[
https://issues.apache.org/jira/browse/YARN-112?page=com.atlassian.jira.plugin.system.issuetabpanels:comment-tabpanel&focusedCommentId=13616325#comment-13616325
]
Robert Joseph Evans commented on YARN-112:
------------------------------------------
I agree that scale exposes races but, still the underlying problem is that we
want to create a new unique directory. This seems very simple.
{code}
File uniqueDir = null;
do {
uniqueDir = new File(baseDir, String.valueOf(rand.nextLong()));
} while (!uniqueDir.mkdir());
{code}
I don't see why we are going through all of this complexity, simply because a
FileContext API is broken. Playing games to make the race less likely is fine.
But ultimately we still have to handle the race.

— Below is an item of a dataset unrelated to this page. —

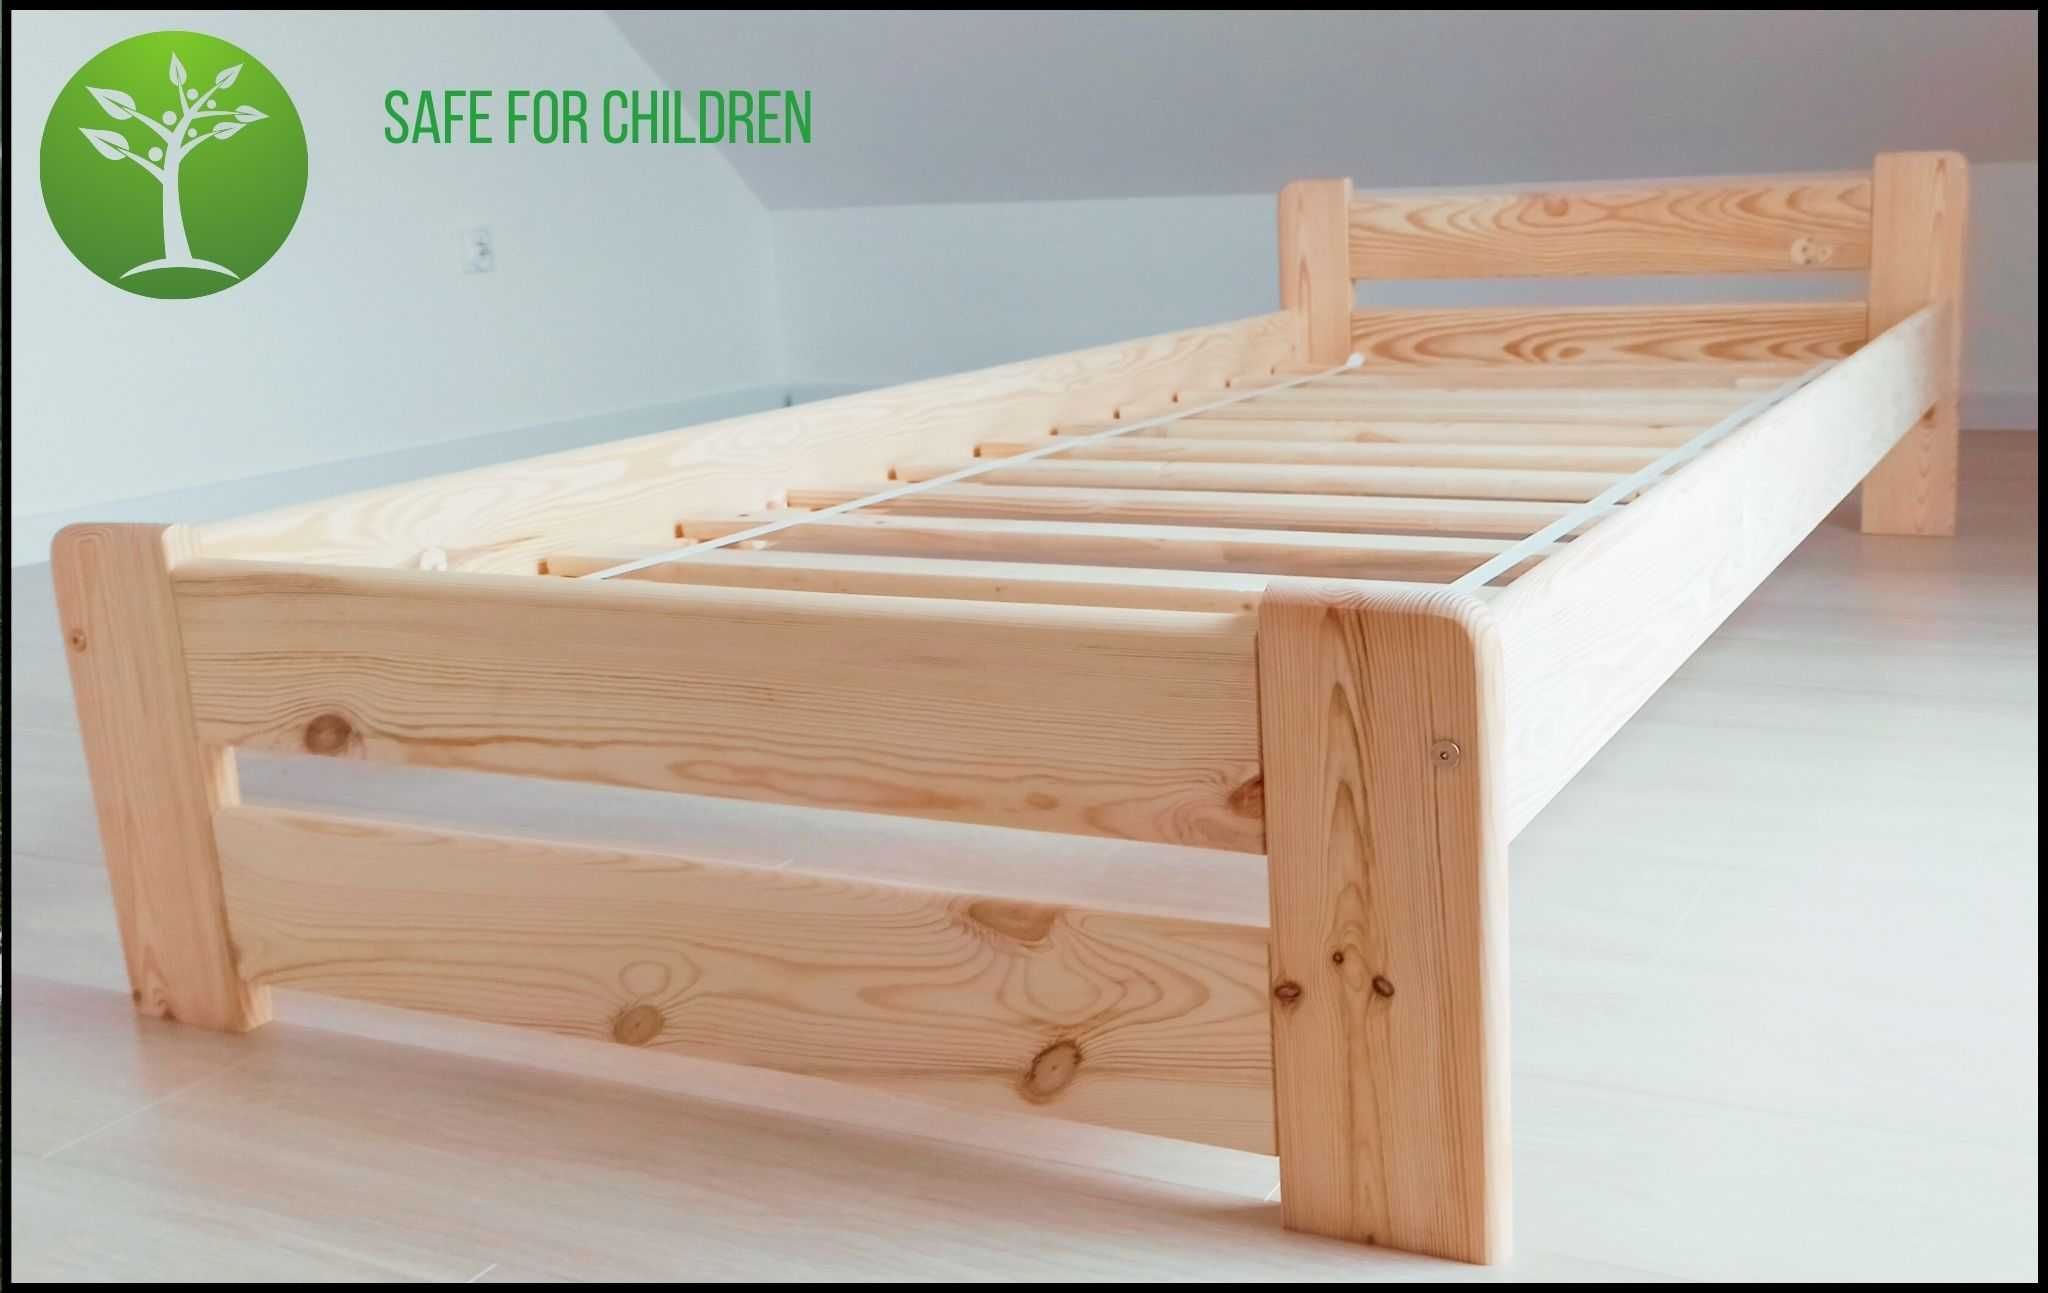 Łóżko sosnowe drewniane PRODUCENT 90x200, KURIER DPD 0zł pobranie

> Race in localization can cause containers to fail
> -------------------------------------------------
>
> Key: YARN-112
> URL: https://issues.apache.org/jira/browse/YARN-112
> Project: Hadoop YARN
> Issue Type: Bug
> Components: nodemanager
> Affects Versions: 0.23.3
> Reporter: Jason Lowe
> Assignee: Omkar Vinit Joshi
> Attachments: yarn-112-20130325.1.patch, yarn-112-20130325.patch,
> yarn-112-20130326.patch, yarn-112.20131503.patch
>
>
> On one of our 0.23 clusters, I saw a case of two containers, corresponding to
> two map tasks of a MR job, that were launched almost simultaneously on the
> same node. It appears they both tried to localize job.jar and job.xml at the
> same time. One of the containers failed when it couldn't rename the
> temporary job.jar directory to its final name because the target directory
> wasn't empty. Shortly afterwards the second container failed because job.xml
> could not be found, presumably because the first container removed it when it
> cleaned up.
--
This message is automatically generated by JIRA.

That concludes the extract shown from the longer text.